EXERCISE DETAILS: Please repeat exactly the lines below from the line with "2013云南计价规则电子版" to the line with "HU Center for", including both, and leave out every picture.

═════ DATASET RECORDS

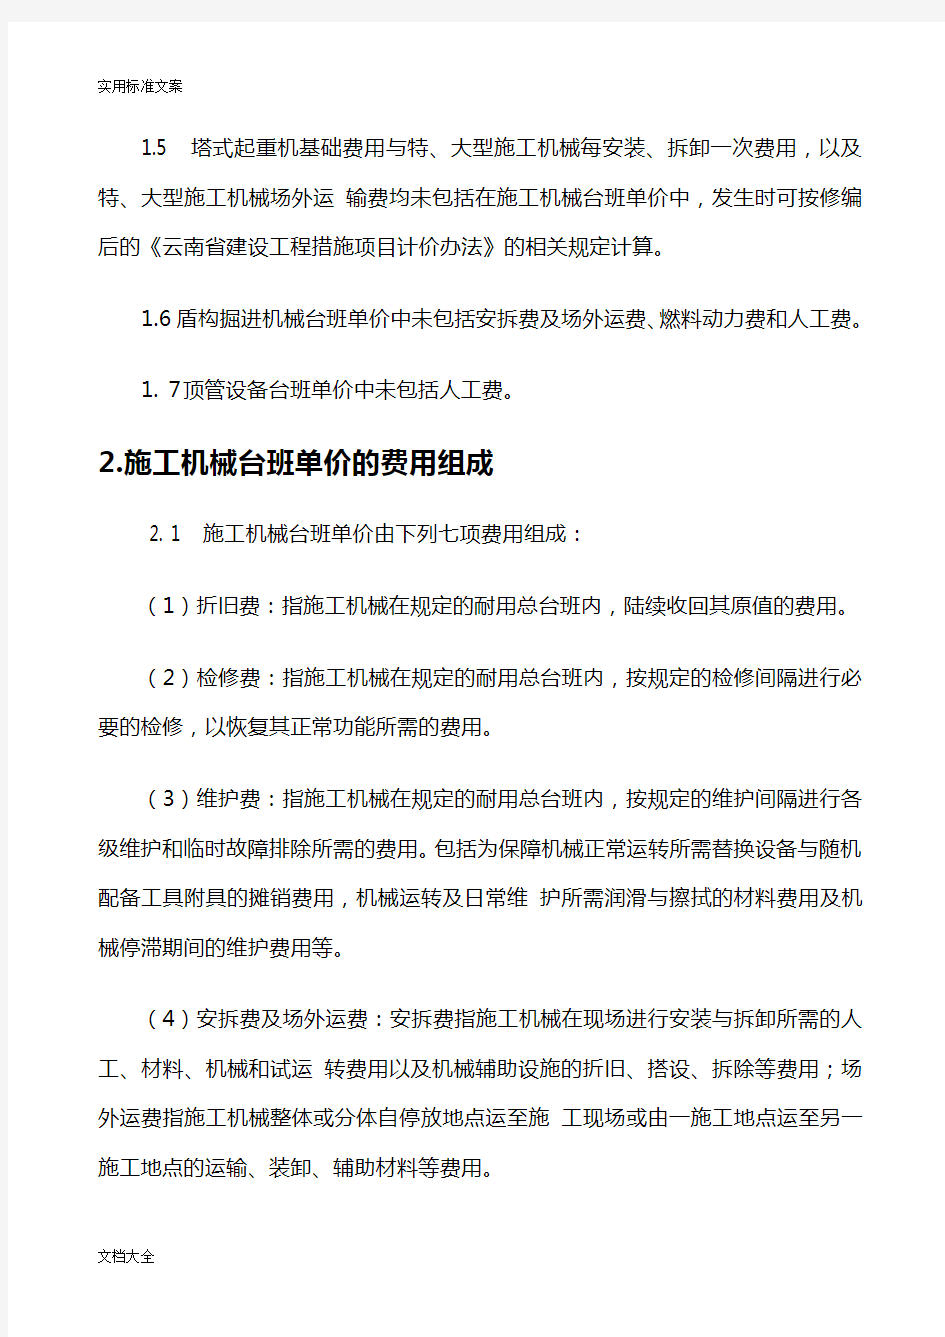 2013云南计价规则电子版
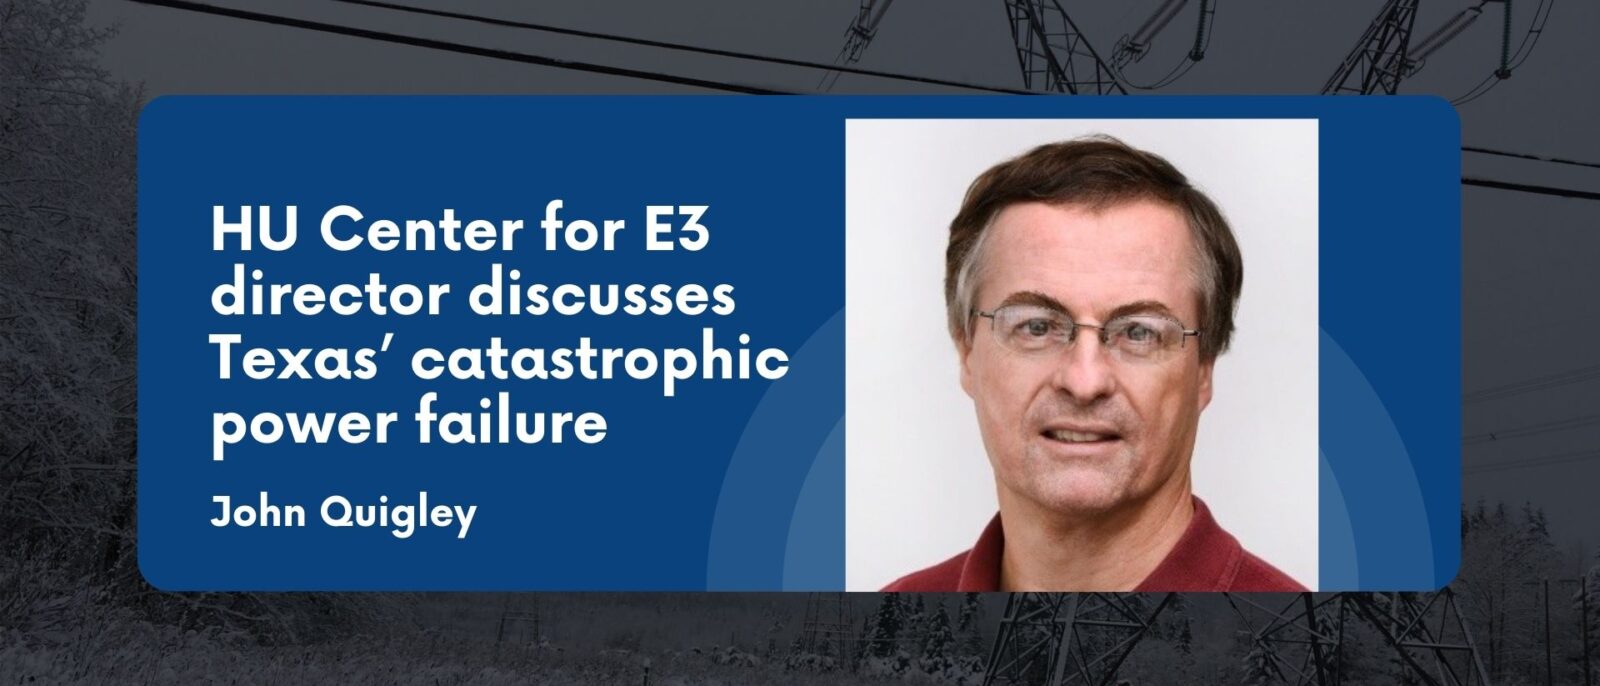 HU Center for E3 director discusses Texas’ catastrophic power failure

══════════
═════ DATASET RECORDS

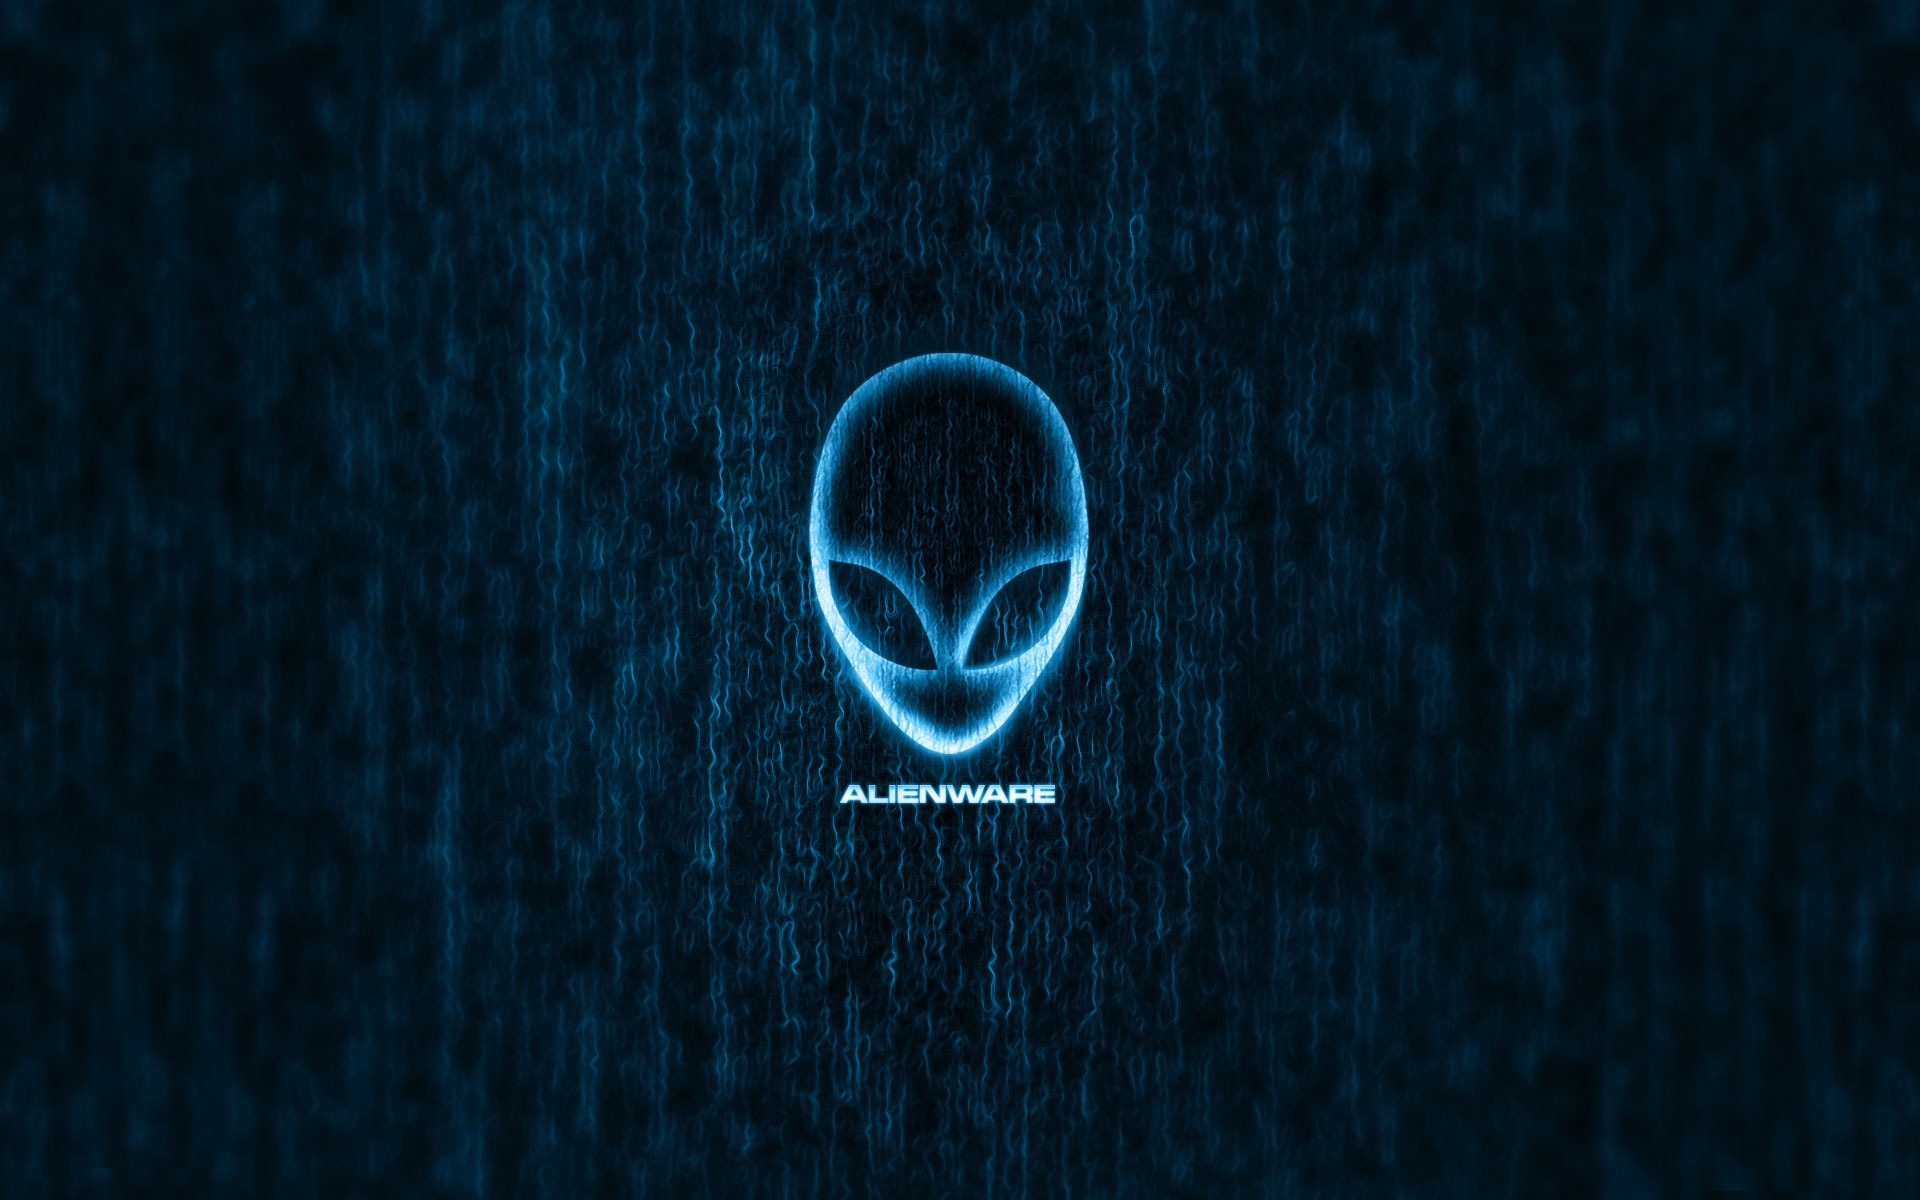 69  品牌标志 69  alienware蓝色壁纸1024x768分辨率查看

══════════

WORKED SOLUTION:
 2013云南计价规则电子版
 HU Center for E3 director discusses Texas’ catastrophic power failure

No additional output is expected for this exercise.